Current Work
I am working on a review of George Orwell and Russia by Masha Karp. There are several new books on Orwell out now, so I will be kept busy doing reviews. I have paid primary visits to the archives of George Orwell held at UCL, and Bernard Crick’s archive is at Birkbeck.
Three long-term projects are the books. I will update the collection of the Why I Write series that is already in eBook form on Amazon. I want to add some more writers to a new version. The second will be a collection of essays on the historian Raphael Samuel. The third will be a short book or long essay on Oliver Cromwell and the Putney Debates. Cromwell was the subject of my car crash 2003 dissertation for my BA History at Birkbeck.
I will write a short letter to the London Review of Books. It published a terrible letter from B. Letzler called The Shoah after Gaza. He managed to call Bob Dylan’s With God on Our Side “Dud”
Recent Book Purchases
- The Carnation Revolution by Alex Fernandes. I have written previously on this subject.
- Until I Find You by Rachel Nolan. An extraordinary book well researched on the disappeared children and coercive adoptions in Guatemala.
- Cancion by Eduardo Halfon
- The Great Revolutions by Duncan Hallas. I fine SWP tradition seems to concentrate on What happened rather than why.
- The Blazing World by J Healey. This is the paperback version.
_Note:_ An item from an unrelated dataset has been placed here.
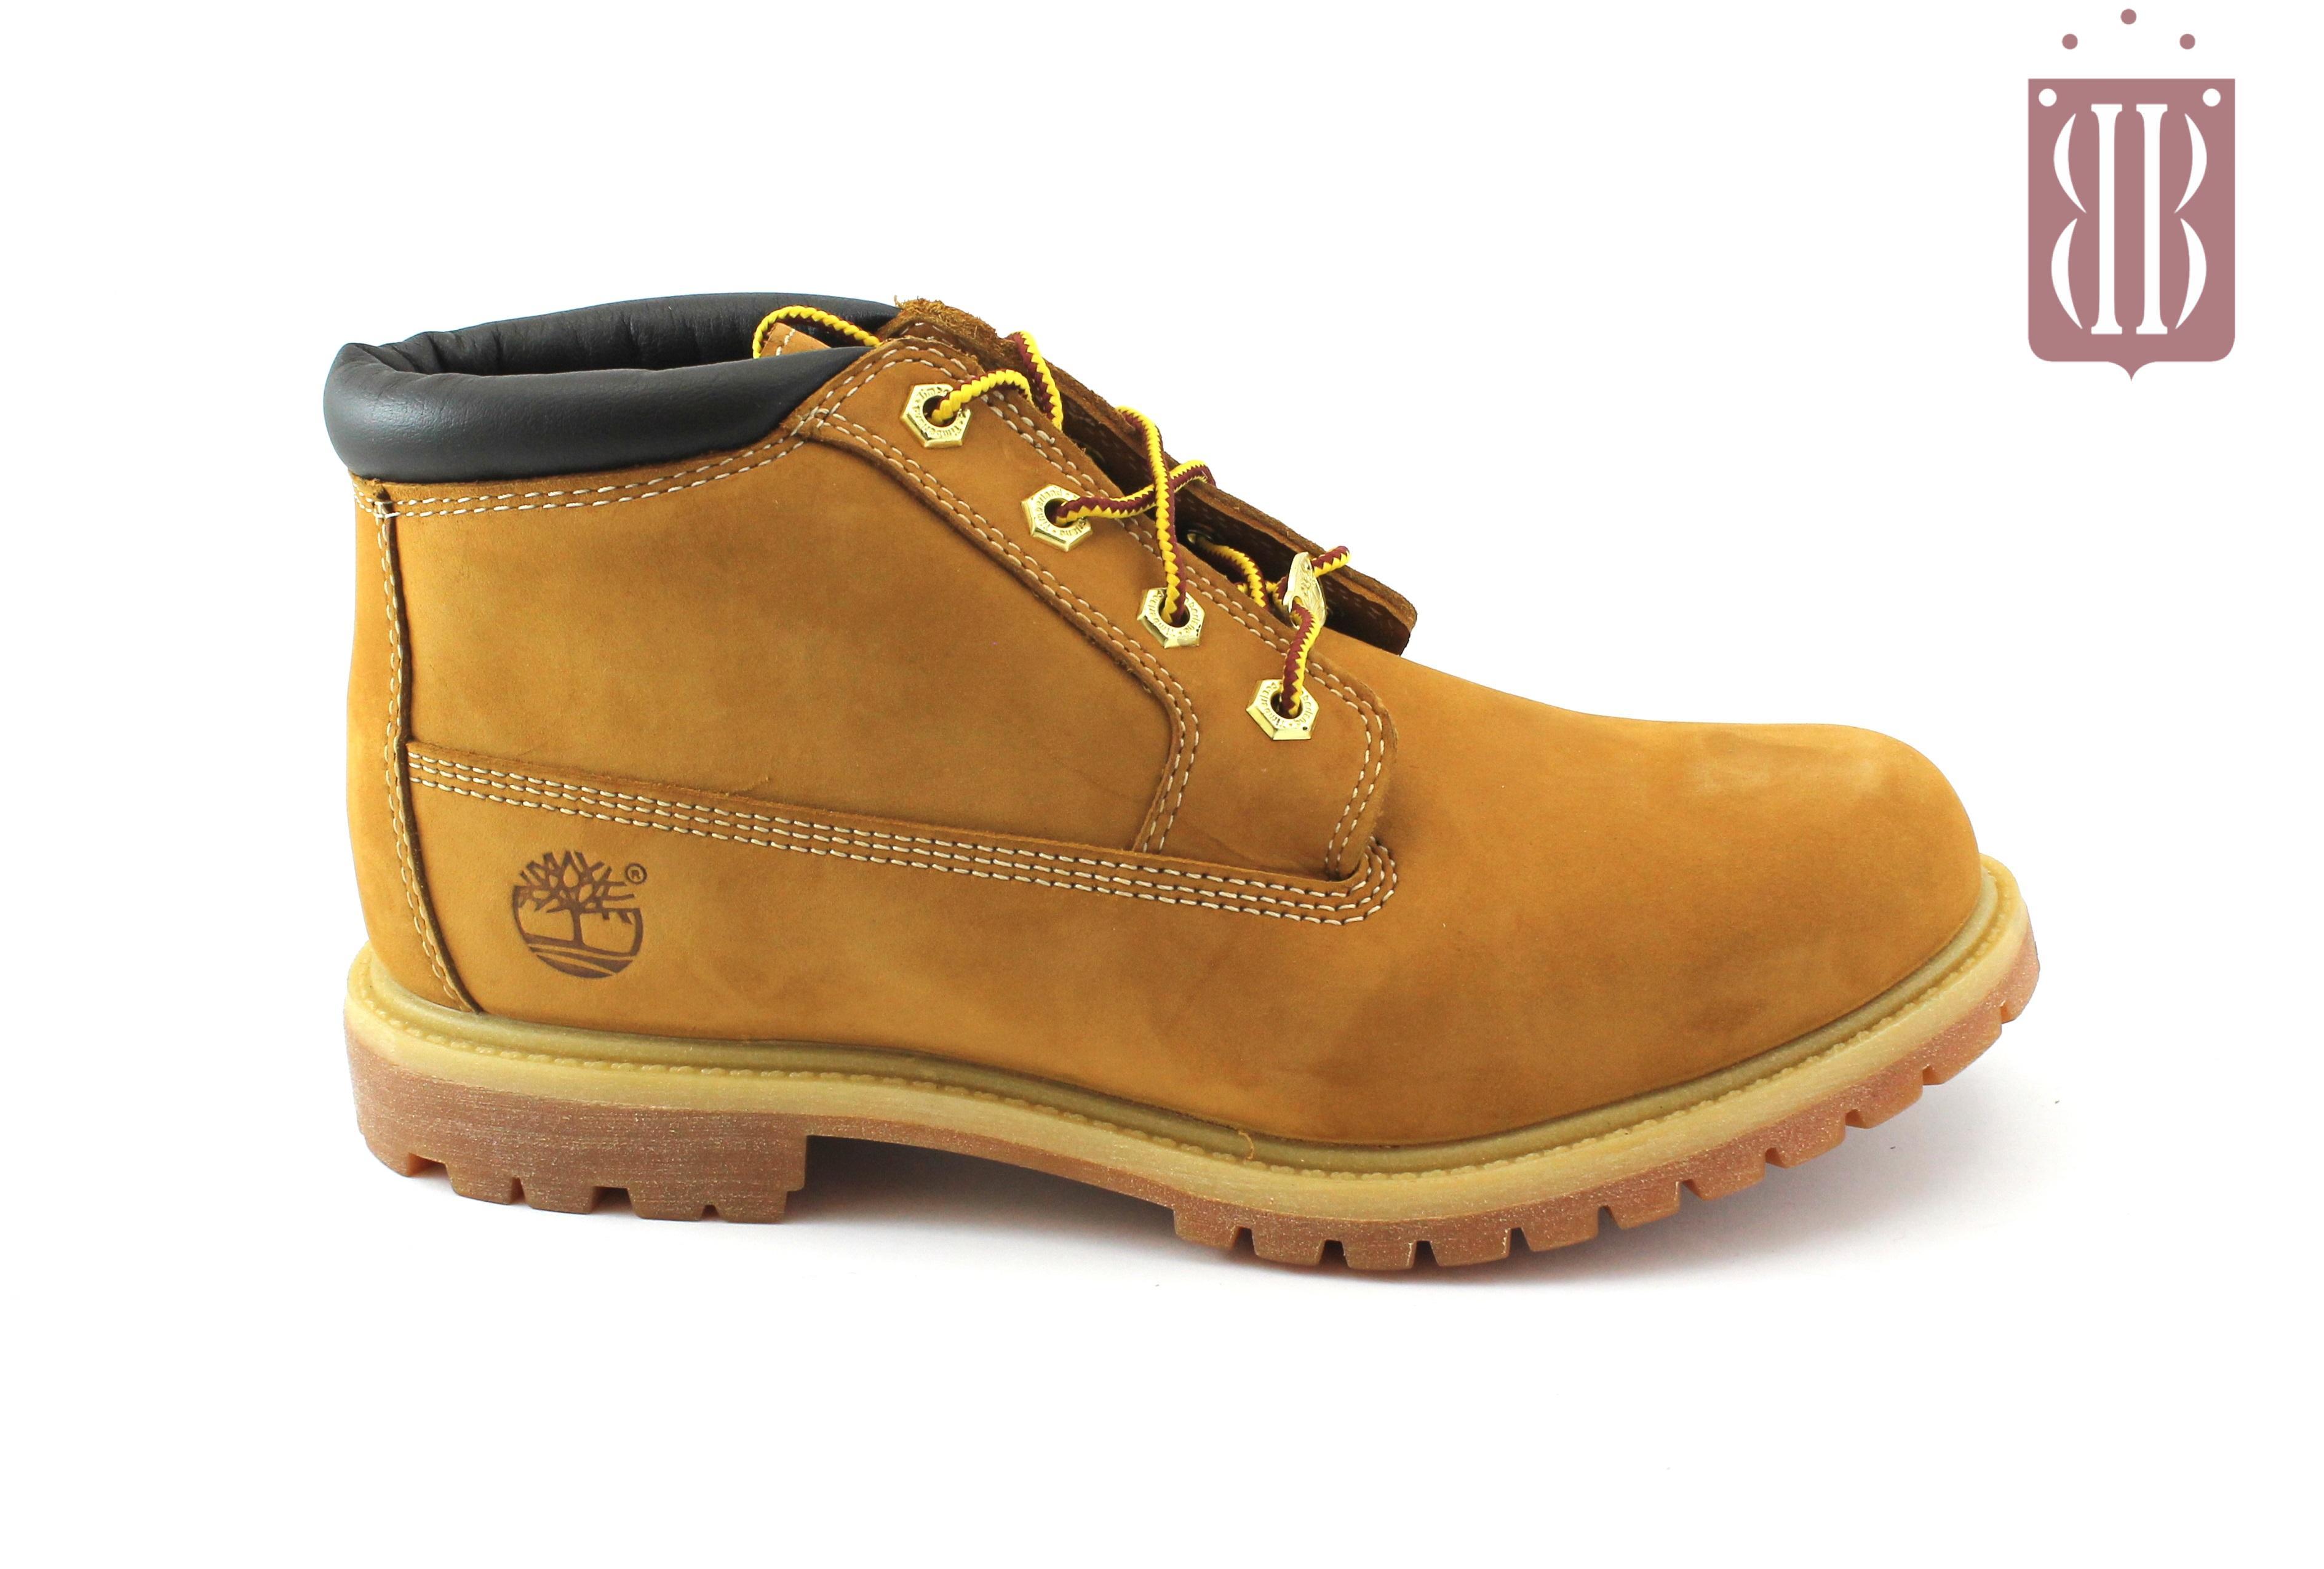 TIMBERLAND 23061 yellow giallo scarpe uomo scarponcini pelle waterproof

I have been meaning to get around to reviewing this for ages.
- Travellers of the World Revolution by B Studer, Verso
- Marxism and the English Revolution by John Rees. This has not been released yet. I will get a review copy, hopefully.
Recent Events
I regularly attend the online SEP Postal Workers Committee. I follow their work closely and their stuff on the Post is way better than I can write. They write about it. I work it. A good combination.
I have started to watch a few episodes of Sky’s Royal Kill List. What a terrible piece of television. If there was a historian consulted on this programme, he should share the same fate as Charles 1st. When a series has so much swearing, it has very little to say and even less history.